Long term readers of this blog will know our devotion to using container-based technology, especially Docker, to significantly improve software quality through repeatable builds.

In the Autumn/fall of 2020, Microsoft introduced a Visual Studio Code (VSCode) extension Remote – Containers. With one quick stroke, this extension allows you to open a VSCode project within a Docker container.

Getting started with Dev Containers and Docker

There are several different approaches to using Dev Containers. In this post, we shall cover three options:

  1. Using an existing Docker image from Docker Hub
  2. Using a pre-build Microsoft container setup
  3. Using a custom Docker image based on a project specific Dockerfile

There are a couple of prerequisites:

Using an existing Docker image – TDD in C with Ceedling

Anyone using or experimenting with Test-Driven-Development in C will probably be aware of Ceedling, unity and CMock.

Whether or not you have Ceedling, or any dependents, such as Ruby, installed we can begin using Dev Container with an existing Dockerhub container image. Containerisation ensures we can quickly get up and running with Ceedling in a known environment.
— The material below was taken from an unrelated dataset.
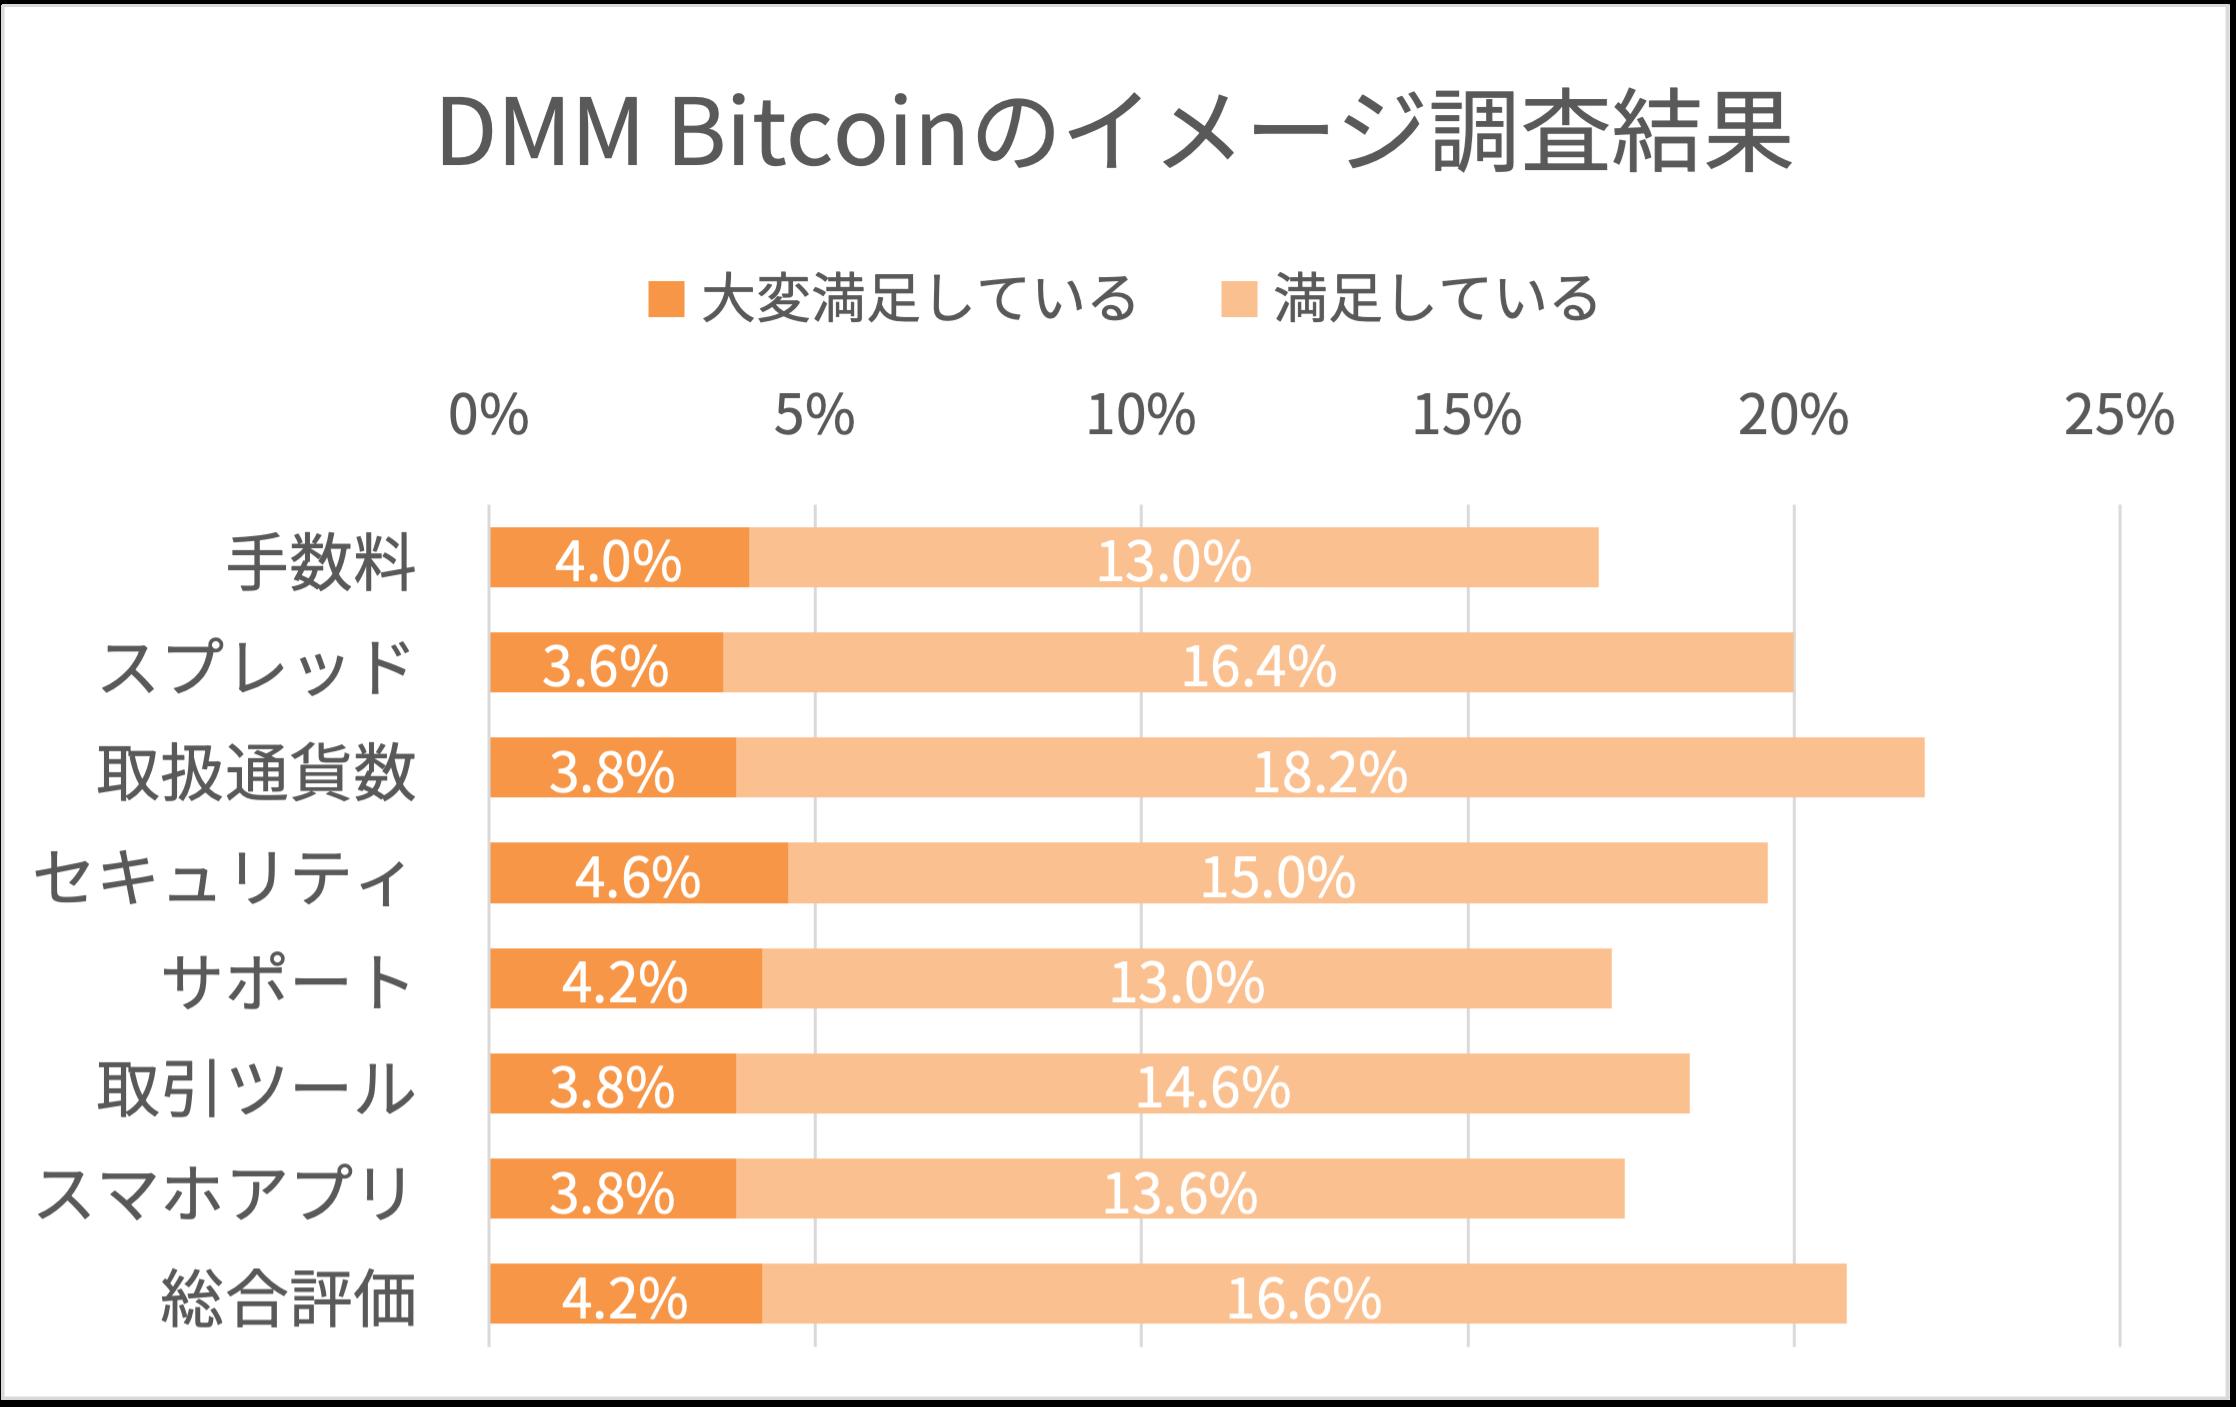 dmmbitcoinのイメージ調査結果

In true ‘Blue Peter‘ style, we happen to have a pre-built Ceedling based Docker image on Docker Hub.

  1. Create an empty folder, e.g.
$ mkdir ceedling_test
  1. In the new folder, create another folder called .devcontainer (note the preceding .)
$ cd ceedling_test
$ mkdir .devcontainer
  1. In that new folder, add a file called devcontainer.json with the contents
    "image": "feabhas/ceedling"
  1. Your project structure should now be:
    └── devcontainer.json
  1. Now open VSCode in the working directory
$ code .
  1. VScode will detect the Dev Container configuration file and ask if you want to reopen the folder in a container. Click Reopen in Container.
  2. Open a terminal window within VSCode, and you will be presented with a shell prompt #. We are now running within a Docker container based on the image feabhas/ceedling.
  3. Test the container, e.g.
# ceedling new test_project
Welcome to Ceedling!
      create  test_project/project.yml

Project 'test_project' created!
 - Execute 'ceedling help' from test_project to view available test & build tasks

# cd test_project

# ceedling module:create[widget]
File src/widget.c created
File src/widget.h created
File test/test_widget.c created
Generate Complete

# ceedling test

Test 'test_widget.c'
Generating runner for test_widget.c...
Compiling test_widget_runner.c...
Compiling test_widget.c...
Compiling unity.c...
Compiling widget.c...
Compiling cmock.c...
Linking test_widget.out...
Running test_widget.out...

  Test: test_widget_NeedToImplement
  At line (15): "Need to Implement widget"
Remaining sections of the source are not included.